Terrence Rhattigan described stealing from Woolworths as a child, made easier by the display methods and access to goods.
Christmas shoppers looking for bargains at Woolworths in Coventry. 14th December 1957. (Photo by Coventry Telegraph Archive/Mirrorpix via Getty Images)
For these writers, stealing from shops was a way to exert control and shape their own lives when they faced tough circumstances in which they generally had little power or autonomy. Whereas Eileen presented shoplifting as liberating, she depicted her domestic life in terms of strife, hardship and tension. This was especially true following her partner’s accident, which left him with brain damage and caused violent mood swings and mental confusion. Eileen recalls that in the aftermath of his accident she ‘was doing this (shoplifting) every day of the week, even weekends.’ Eileen suggests that she ‘must have become addicted to it and I needed to get away from the house, away from Sixer – I mean I loved him, but I was going fucking mad too and it was such a buzz to have a bit of money in my hands.’[11] We can see Eileen’s attempts to emphasise her devotion to Sixer as a way to conform to conventions domesticity and femininity, and she was aware that shoplifting could jeopardise the respect or sympathy that the reader may have for her. Yet her descriptions of shoplifting as a ‘buzz’ and as a refuge from her domestic problems suggest that theft was a form of escapism or relief that is more ordinarily associated with middle-class women who shoplifted and blamed it on ‘kleptomania’. Eileen’s testimony is revealing and demonstrates that although retail theft was primarily a way to earn money, it had an important emotional and psychological role for her, particularly during times of personal upheaval and turmoil. Similarly, Shirley’s shoplifting increased after her brother, Adgie, died in 1967. Following a period of depression, Shirley formed a gang that would visit Amsterdam, Paris and Geneva and stole to cope with her grief. Shirley recalled that she ‘was earning a fortune then, because I didn’t care whether or not to get nicked. I was taking risks I would never have taken before. I was taking more stuff than ever and going back time and time again and slaughtering the same shops.’[12] For Shirley therefore, the risk and danger involved in shoplifting was almost a dangerous coping strategy – perhaps even a form of self-harm – as she sought to cope with the loss of the person to whom she was closest to.
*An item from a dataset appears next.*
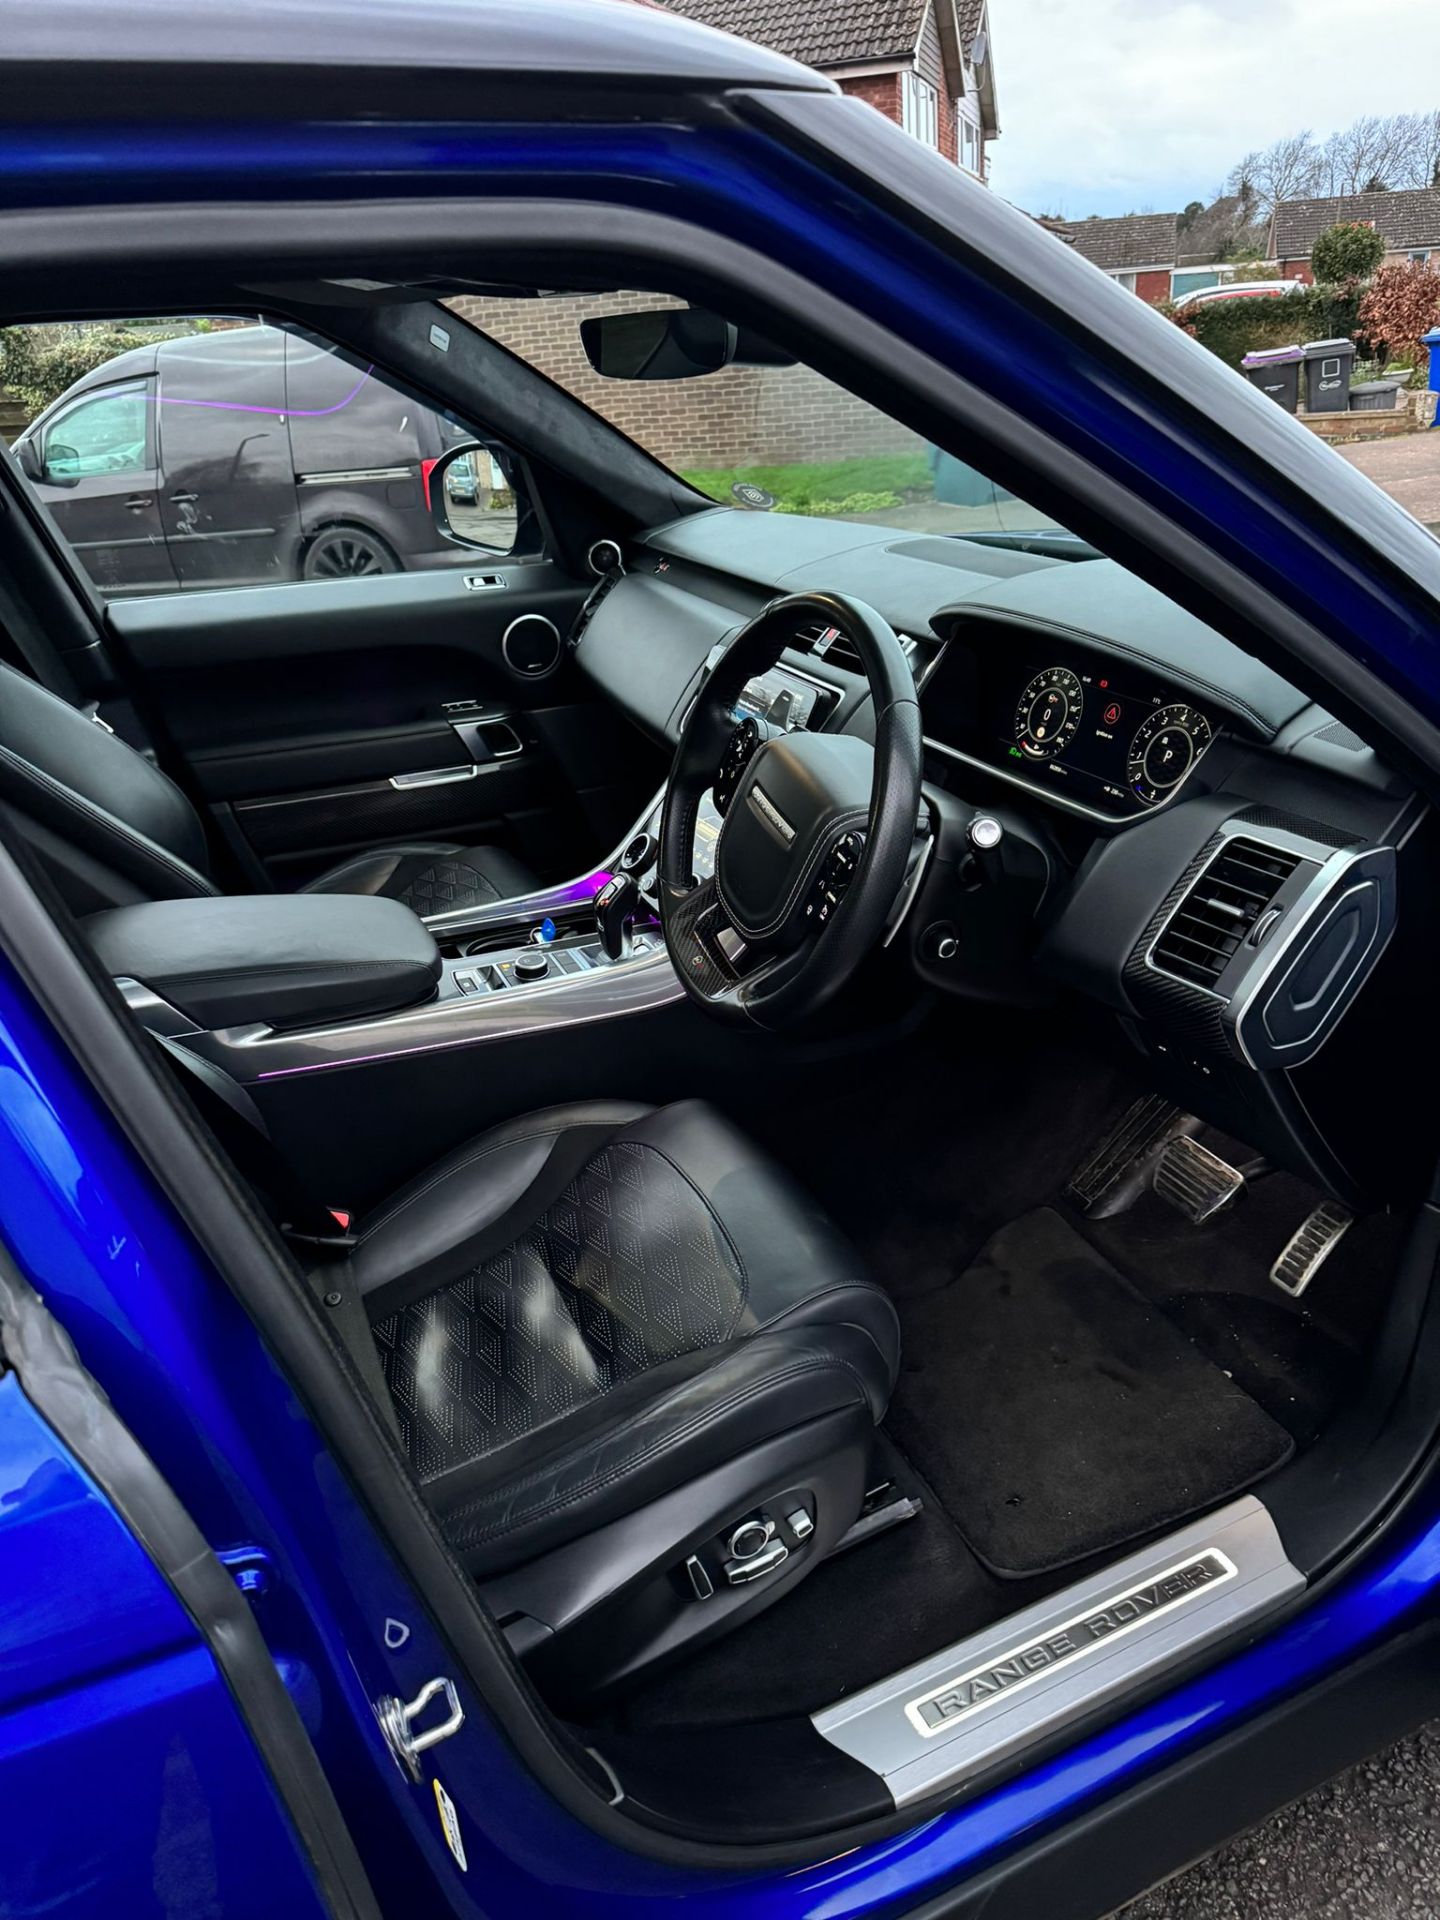 2018 18 RANGE ROVER SVR - 62K MILES WITH FULL LAND ROVER HISTORY - EXTREMELY CLEAN EXAMPLE. - Image 4 of 10

Shoplifters risked arrest, prosecution and custodial sentences and retailers increased surveillance strategies to deter theft.
Marks & Spencer, Middlesbrough, have installed a closed circuit tv system to help it’s security guards identify shoplifters. Middlesbrough, North Yorkshire. 17th August 1993. (Photo by Stephen Elliott/Mirrorpix via Getty Images)
Shoplifting was, of course, not without risk. Eileen described having to take her children with her on one occasion and left them in a local café whilst she shoplifted: ‘I hated doing this, but I was desperate; I had to earn the money to feed them the only way I knew how.’ Worrying about her children, she made ‘the beginner’s mistake of looking nervous’ and found herself arrested.[13] She and the children were placed in a holding cell and she was charged with a long list of shoplifting offences after the police searched her house where they found a huge cache of purloined goods hidden under the bed. Eileen pleaded guilty on all counts hoping for light sentence but, to her surprise, the judge called a welfare officer who spoke about her hardship and gave her a 2-year suspended sentence. Narrowly avoiding prison, Eileen took a job serving tea on a building site but struggled to maintain it around her family commitments. Her experiences reflect the ongoing hardships working-class women faced in providing for their families even with the increased support of the post-1945 welfare state.
Although neither women achieved financial stability through shoplifting, it was perhaps its ability to get them through difficult times that made it so fundamental to their lives. Rethinking the role of theft and crime and the reasons and motivations behind these kinds of offences can help us understand why they have remained so central to women’s responses to poverty and domestic problems. Although Eileen and Shirley presented their shoplifting experiences almost as forms of bravado, the crucial issue should be the very challenging problems that they used retail theft to overcome.
[1] ‘The Theft Trail of the Happy Hoisters,’ Daily Mirror, 22 February 1958, 11.
[2] ‘Queen of shoplifters goes to ground with fame in the bag and a fitting epitaph in flowers,’ The Guardian, 26 March 1992, 22.
[3] Lorraine Gamman, ‘The Queen of Thieves,’ The Observer, 17 March 1996, C1.
[4] Pitts, Gone Shopping, 35
[5] Eileen MacKenney, Borstal Girl (London, 2011), 4.
[6] MacKenney, Borstal Girl, 101.
[2] Shirley appendix 94
[7] Shirley appendix 95.
[8] Shirley appendix 95.
[9] Shirley appendix 96.
[10Tommy Rhattigan, 1963: A slice of bread and Jam (Mirror Books: London, 2017), 203.
[11] MacKenney, Borstal Girl, 182.
[12] Pitts, Queen of Shoplifting, 156.
[13] MacKenney, Borstal Girl, 183.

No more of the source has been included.